Due to the 2026 revaluation, the rateable value of the shop has increased from £50,000 in 2025/26 to £110,000 in 2026/27. The independent shop is eligible for the new permanently lower standard RHL multiplier of 43p in 2026/27, so before any reliefs, the shop’s bill would be £110,000 x 0.43 = £47,300.
To help smooth the transition to the permanently lower RHL multipliers, the government is providing relief through the Supporting Small Business scheme for properties losing their RHL relief in 2026/27. This means that the shop’s bill increase in 2026/27 compared to 2025/26 is capped at the higher of £800 or the relevant Transitional Relief cap of, in this case, 30%.
30% of the 2025/26 bill of £14,970 would be £4,491, which is higher than the £800 cap. So, in this case the 30% cap applies.
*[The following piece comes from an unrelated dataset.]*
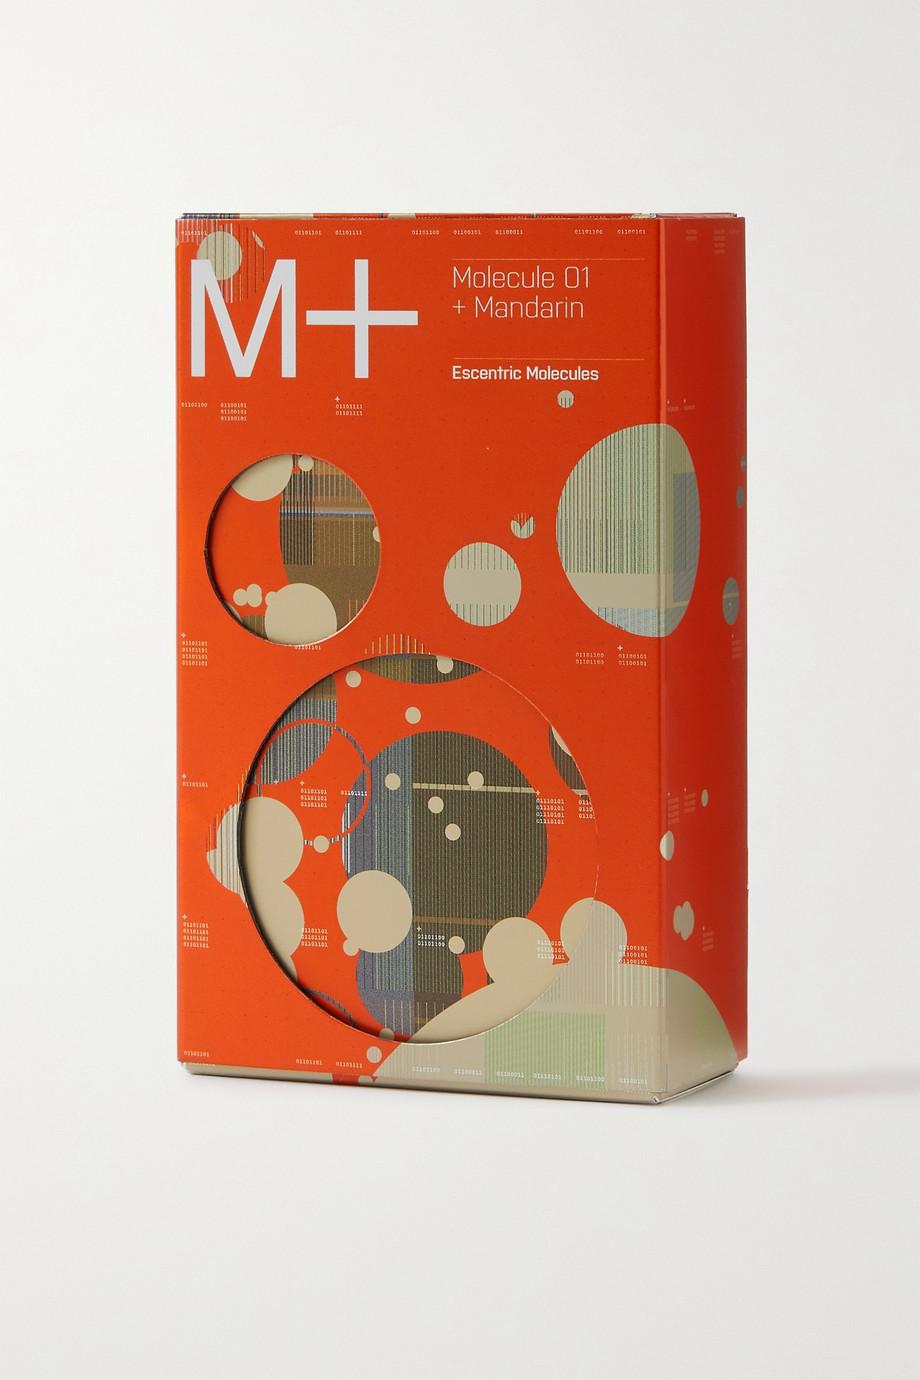 Escentric Molecules Eau de toilette Molecule 01, Mandarin, 100 ml

The shop’s final bill will be £14,970 + £4,491 = £19,461. This is £27,839 lower than the £47,300 bill the shop would have seen without the government’s package of support, including Supporting Small Business relief.
Case study 3: Independent shop with a rateable value of £15,000 in 2023, rising to £20,000 in 2026
In 2025/26, for an independent shop with a rateable value of £15,000, the business rates liability was calculated by multiplying the rateable value by the multiplier of 49.9p, and then deducting the 40% RHL relief.
Before the RHL relief, the shop’s bill would be £15,000 x 0.499 = £7,485. The RHL relief would be worth 40% x £7,485 = £2,994, meaning the shop’s final bill would be £7,485 - £2,994 = £4,491.
Due to the 2026 revaluation, the rateable value of the shop has increased from £15,000 in 2025/26 to £20,000 in 2026/27. The independent shop is eligible for the new permanently lower small business RHL multiplier of 38.2p in 2026/27, so before any reliefs, the shop’s bill would be £20,000 x 0.382 = £7,640.
To help smooth the transition to the permanently lower RHL multipliers, the government is also providing relief through the Supporting Small Business scheme for properties losing their RHL relief in 2026/27. This means that the shop’s bill increase in 2026/27 compared to 2025/26 is capped at the higher of £800 or the relevant Transitional Relief cap of, in this case, 5%.
5% of the 2025/26 bill of £4,491 would be £225, which is lower than the £800 cap. So, in this case the £800 cap applies. The shop’s final bill will be £4,491 + £800 = £5,291. This is £2,349 lower than the £7,640 bill the shop would have seen without the government’s package of support, including Supporting Small Business relief.
Businesses may see a Transitional Relief Supplement in bills: however, when a property is receiving Transitional Relief or Supporting Small Business scheme, they will not pay the supplement, as bill increases are capped by these reliefs.